Sie haben sich selbst mal als Sonderfall in der Kelly Family bezeichnet. Wie ist das gemeint?

Haha, ich breche immer die Grenzen – die anderen aber zugegebenermaßen auch. Es gab ab und an von der geschäftlichen Seite her Einwände gegen Dinge, die ich machen wollte. Wenn zum Beispiel jemand sagt, ich dürfe keine Kelly-Family-Musik und gleichzeitig Klassik machen, dann sage ich: Oh doch, das mache ich wohl. Das bin ich, und ich lasse mich nicht verbiegen.

Sie haben Höhen und Tiefen im Showgeschäft erlebt. Was bringt einen dazu, vier Jahrzehnte lang immer weiterzumachen?

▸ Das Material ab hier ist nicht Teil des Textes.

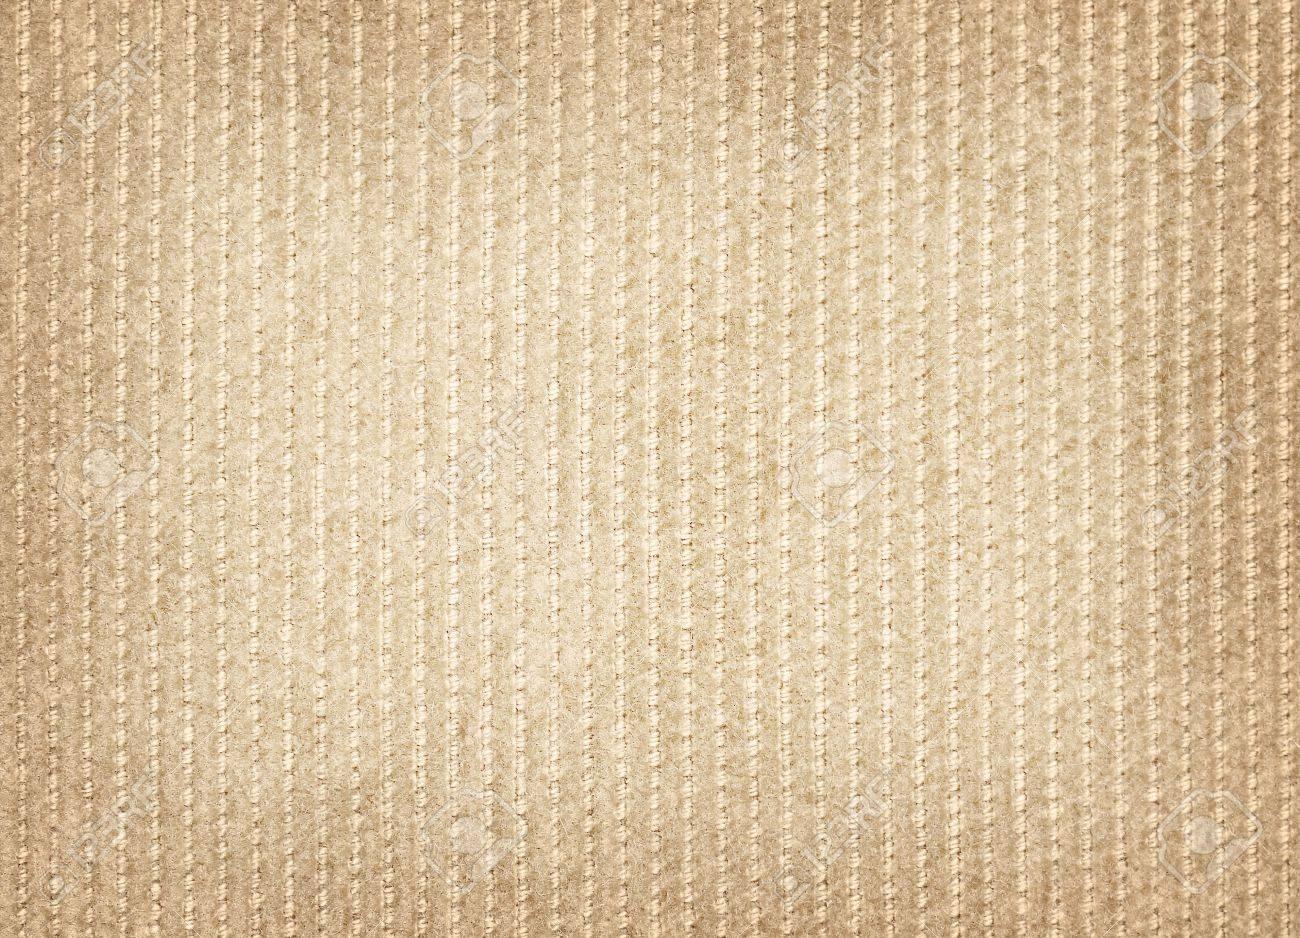 Crushed Velvet Texture Stock Photo

Warum ich so lange im Geschäft überlebt habe? Ich bin verliebt in die Musik, das ist die Wahrheit. Natürlich verändert man sich immer. In den 90ern habe ich gemerkt, dass ich eigentlich alles im Showgeschäft erreicht habe und habe dann auch sehr spät damit angefangen, meine Stimme klassisch ausbilden zu lassen. Der Vorteil dabei ist, dass man nicht mehr in eine bestimmte Richtung ausgeformt wird wie jüngere Sängerinnen. Ich bin aber auch Realist. Zwischen drei und fünf Rollen schaffe ich in der Oper noch, aber nicht 100. Dennoch: Ich kann so viele Arien aufnehmen, wie ich will – warum denn nicht? Ob ich dann mal in der Oper spiele, wird man sehen. Das sind Träume. Und man sagt ja nicht umsonst: Wenn man von zehn Träumen drei erreicht hat, dann ist man glücklich.

Sie haben so viele Herausforderungen zu Beginn der Kelly-Family in Ihrer Jugend gleichzeitig bewältigen müssen und waren für Ihre Geschwister bereits mit 19 eine Art Mutterersatz. Wie sehr hat sie all das persönlich geprägt?

Mein Coach hat mal gesagt, ich hätte fünf Leben (lacht). Ich hatte immer viel Energie und bin ganz gut darin, Krisen zu managen. Man könnte mich also auch als Beraterin für Unternehmen in schwierigen Situationen einstellen, haha. Aber ganz im Ernst: Unsere ganze Jugend hat mich extrem geprägt. Wir sind in Spanien großgeworden mit Straßenmusik, mit Fiestas – in Spanien wird überall gesungen und getanzt. Und es gibt nichts Schöneres, als wenn die Menschen zusammen stundenlang die Musik feiern. Parallel habe ich eine klassische Geigen-Ausbildung absolviert. Diese Basis ist ganz wichtig und hat mich geformt, das nehme ich immer mit.

Wie oft greifen Sie privat zur Violine?

Leider nur noch sehr wenig, aber meine Ausbildung hat mir sehr dabei geholfen, Streicher zu verstehen und Musik zu durchdenken. Deshalb war das eine gute Schule.